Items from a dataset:
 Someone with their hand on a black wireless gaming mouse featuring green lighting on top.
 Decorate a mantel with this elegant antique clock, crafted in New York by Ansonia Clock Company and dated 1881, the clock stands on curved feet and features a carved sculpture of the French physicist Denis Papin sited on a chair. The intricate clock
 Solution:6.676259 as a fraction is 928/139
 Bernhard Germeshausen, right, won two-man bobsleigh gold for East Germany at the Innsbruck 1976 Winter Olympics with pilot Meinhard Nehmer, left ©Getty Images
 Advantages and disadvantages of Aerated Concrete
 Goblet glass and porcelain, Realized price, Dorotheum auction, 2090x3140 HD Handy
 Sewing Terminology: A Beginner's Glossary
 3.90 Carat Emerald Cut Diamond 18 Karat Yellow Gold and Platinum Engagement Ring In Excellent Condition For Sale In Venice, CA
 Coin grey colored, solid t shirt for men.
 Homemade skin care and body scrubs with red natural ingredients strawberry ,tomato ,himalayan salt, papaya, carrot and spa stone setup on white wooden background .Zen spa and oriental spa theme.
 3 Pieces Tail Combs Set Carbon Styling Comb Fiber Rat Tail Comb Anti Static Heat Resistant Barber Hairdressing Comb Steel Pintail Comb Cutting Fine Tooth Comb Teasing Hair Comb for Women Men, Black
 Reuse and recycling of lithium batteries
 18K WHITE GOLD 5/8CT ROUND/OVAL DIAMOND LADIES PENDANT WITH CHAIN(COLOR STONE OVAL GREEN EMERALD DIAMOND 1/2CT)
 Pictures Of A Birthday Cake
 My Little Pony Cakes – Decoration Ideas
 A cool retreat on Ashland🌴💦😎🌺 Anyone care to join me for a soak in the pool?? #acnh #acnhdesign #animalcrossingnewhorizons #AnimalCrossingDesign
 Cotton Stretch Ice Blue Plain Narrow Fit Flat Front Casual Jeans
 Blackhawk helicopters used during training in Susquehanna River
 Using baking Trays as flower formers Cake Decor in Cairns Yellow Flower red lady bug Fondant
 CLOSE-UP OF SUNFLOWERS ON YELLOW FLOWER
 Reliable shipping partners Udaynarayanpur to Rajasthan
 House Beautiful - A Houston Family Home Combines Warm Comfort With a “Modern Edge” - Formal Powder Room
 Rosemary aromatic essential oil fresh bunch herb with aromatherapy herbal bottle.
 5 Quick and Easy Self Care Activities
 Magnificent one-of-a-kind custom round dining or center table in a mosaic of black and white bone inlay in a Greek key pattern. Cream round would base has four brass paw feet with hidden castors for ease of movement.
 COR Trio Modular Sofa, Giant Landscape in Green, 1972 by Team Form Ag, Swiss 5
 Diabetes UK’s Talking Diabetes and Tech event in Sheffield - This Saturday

- TASK TO COMPLETE: Your answer must be a copy of every line in the data above that holds the string "feet".

- ANSWER SECTION:
 Decorate a mantel with this elegant antique clock, crafted in New York by Ansonia Clock Company and dated 1881, the clock stands on curved feet and features a carved sculpture of the French physicist Denis Papin sited on a chair. The intricate clock
 Magnificent one-of-a-kind custom round dining or center table in a mosaic of black and white bone inlay in a Greek key pattern. Cream round would base has four brass paw feet with hidden castors for ease of movement.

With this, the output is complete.